# [GIVEN MATERIAL]
□ □ □ □ □ □ □
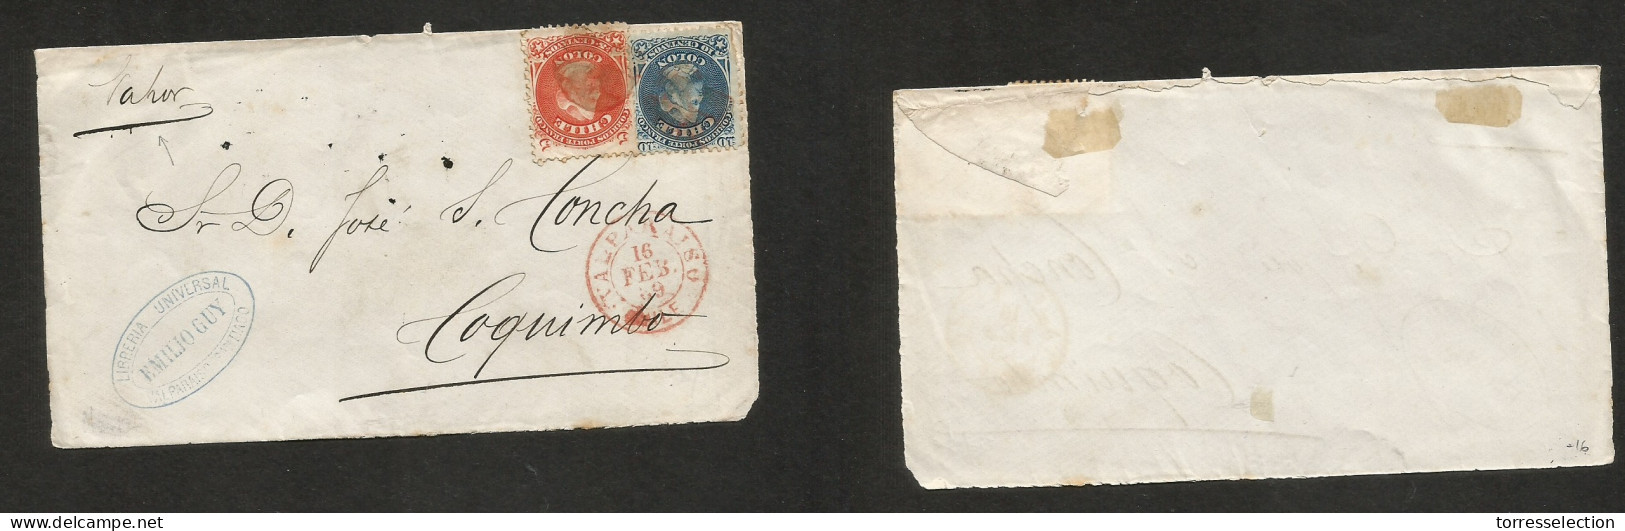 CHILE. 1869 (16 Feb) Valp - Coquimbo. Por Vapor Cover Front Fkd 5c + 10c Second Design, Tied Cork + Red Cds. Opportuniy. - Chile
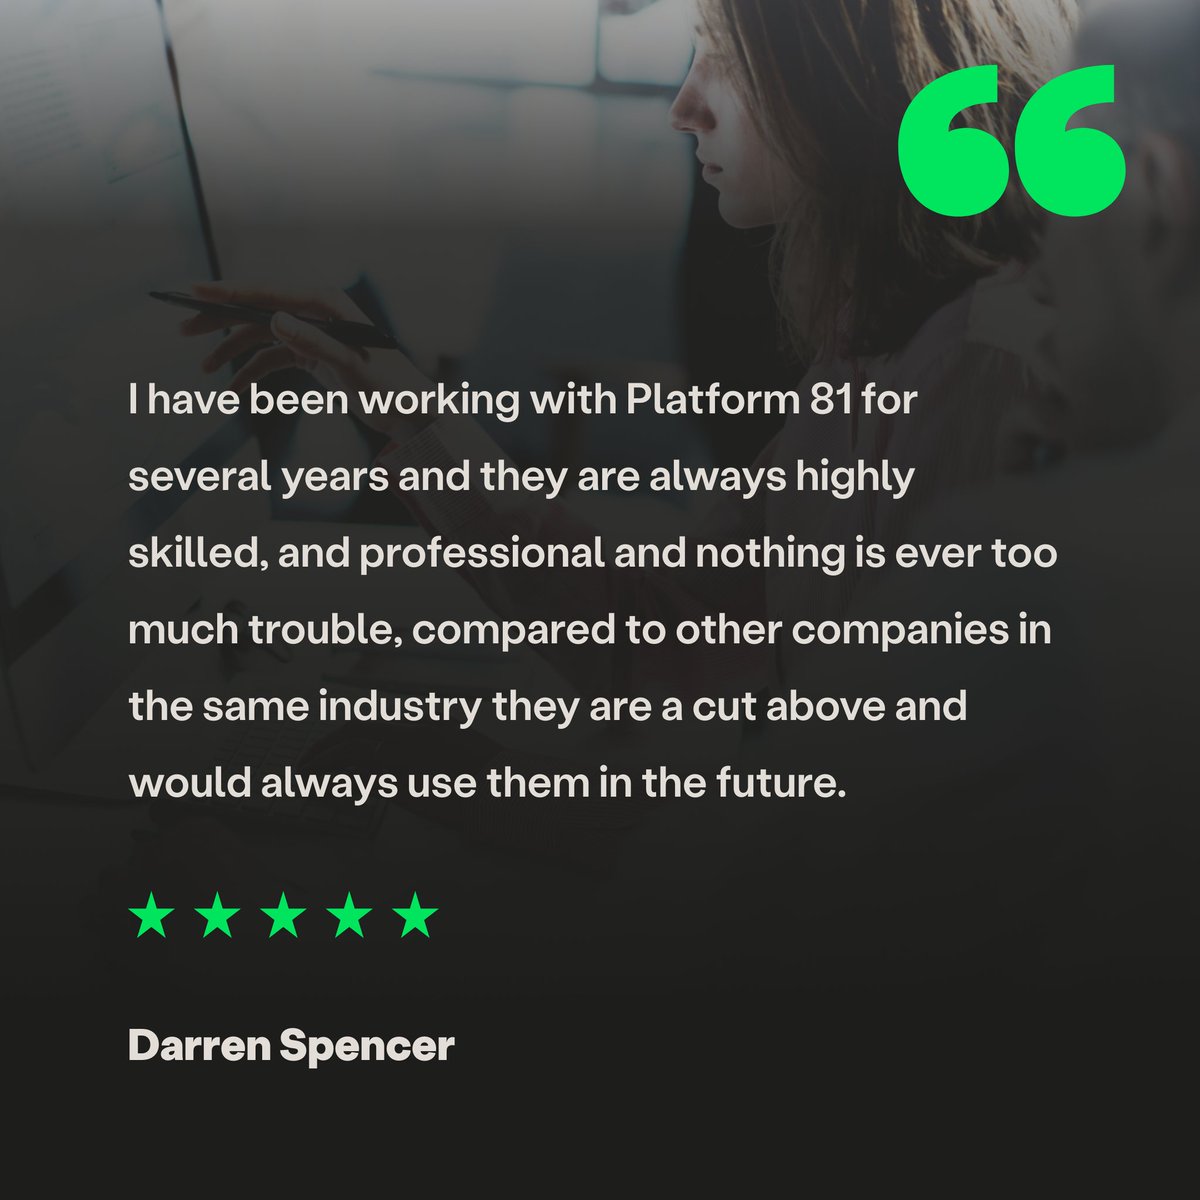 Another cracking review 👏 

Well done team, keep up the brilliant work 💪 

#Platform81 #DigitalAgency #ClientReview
□ □ □ □ □ □ □
# [YOUR ASSIGNMENT]
Where the line containing "Well done team, keep up the brilliant work 💪" appears, start copying, and go on exactly through the last line of the data.

# [SOLUTION BELOW]
Well done team, keep up the brilliant work 💪 

#Platform81 #DigitalAgency #ClientReview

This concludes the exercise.